Although Hokkien is written to some extent, its roughly 46 million speakers do not have a widely agreed-upon writing system, making it difficult for developers to gather the amount of high-quality written data to train traditional machine translation (MT) models. Meta has attempted to tackle this challenge by devising a “new modeling approach” that could also be used to develop similar models for other languages that are primarily spoken and do not have a standardized script.
“Our team developed the first speech-to-speech AI translation system that works for languages that are only spoken and not written, like Hokkien,” said Meta CEO Mark Zuckerberg in a video where he demonstrated the technology with one of the researchers who worked on it.
Meta has open-sourced its Hokkien translation models, along with its evaluation datasets and additional research so that other developers can produce similar models for other languages that don’t have readily available written data.

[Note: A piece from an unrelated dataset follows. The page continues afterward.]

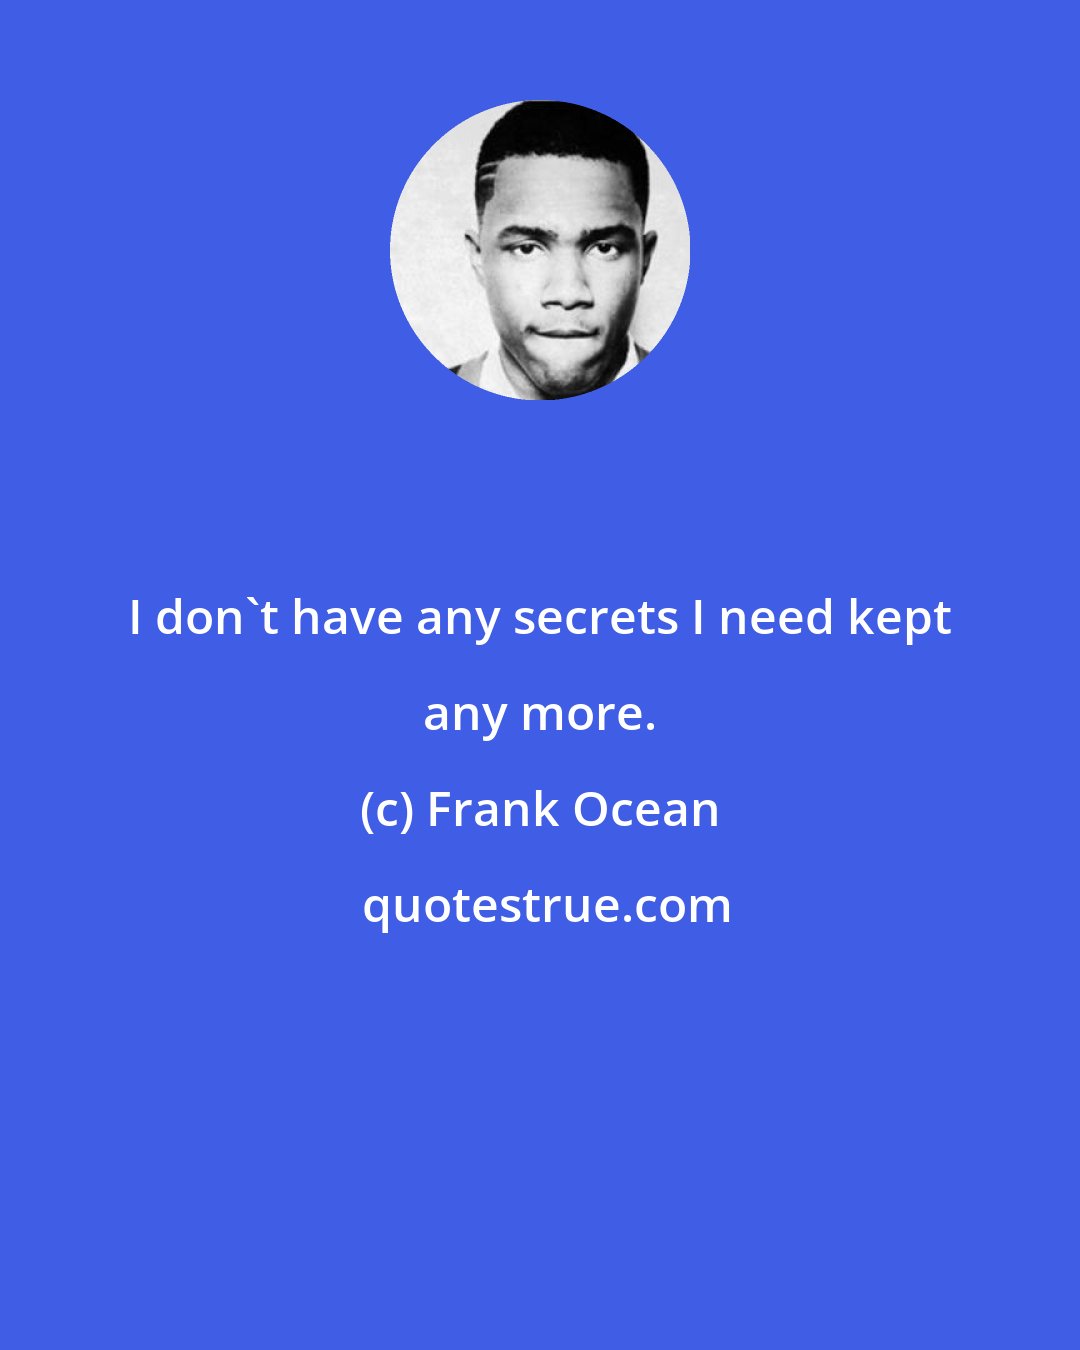 Frank Ocean: I don't have any secrets I need kept any more.

“AI-powered speech translation has mainly focused on written languages, yet nearly 3,500 living languages are primarily spoken and don’t have a widely used writing system,” the company wrote in an Oct. 19 blog post. “This makes it impossible to build machine translation tools using standard techniques, which require large amounts of written text in order to train an AI model.”
To train their model, Meta’s researchers used Mandarin Chinese — which is much more closely related to Hokkien than English is — as a sort of intermediate language, translating English and Hokkien speech into written Mandarin, which could then be translated into one of the target languages.
Currently, Meta’s speech-to-speech translator only allows users to translate one sentence at a time, however the company stated that its progress in other unsupervised learning projects could help refine speech-to-speech translation such that no human annotation is necessary for training.
The need for technology like this appears to be higher than ever. MultiLingual Magazine reported in July that one Nevada county was recently tasked with improving language access for another unwritten language: Shoshone. Because election ballots — written texts — cannot be translated adequately into Shoshone, the county will work with interpreters at the polls to help Shoshone speakers vote in their native language.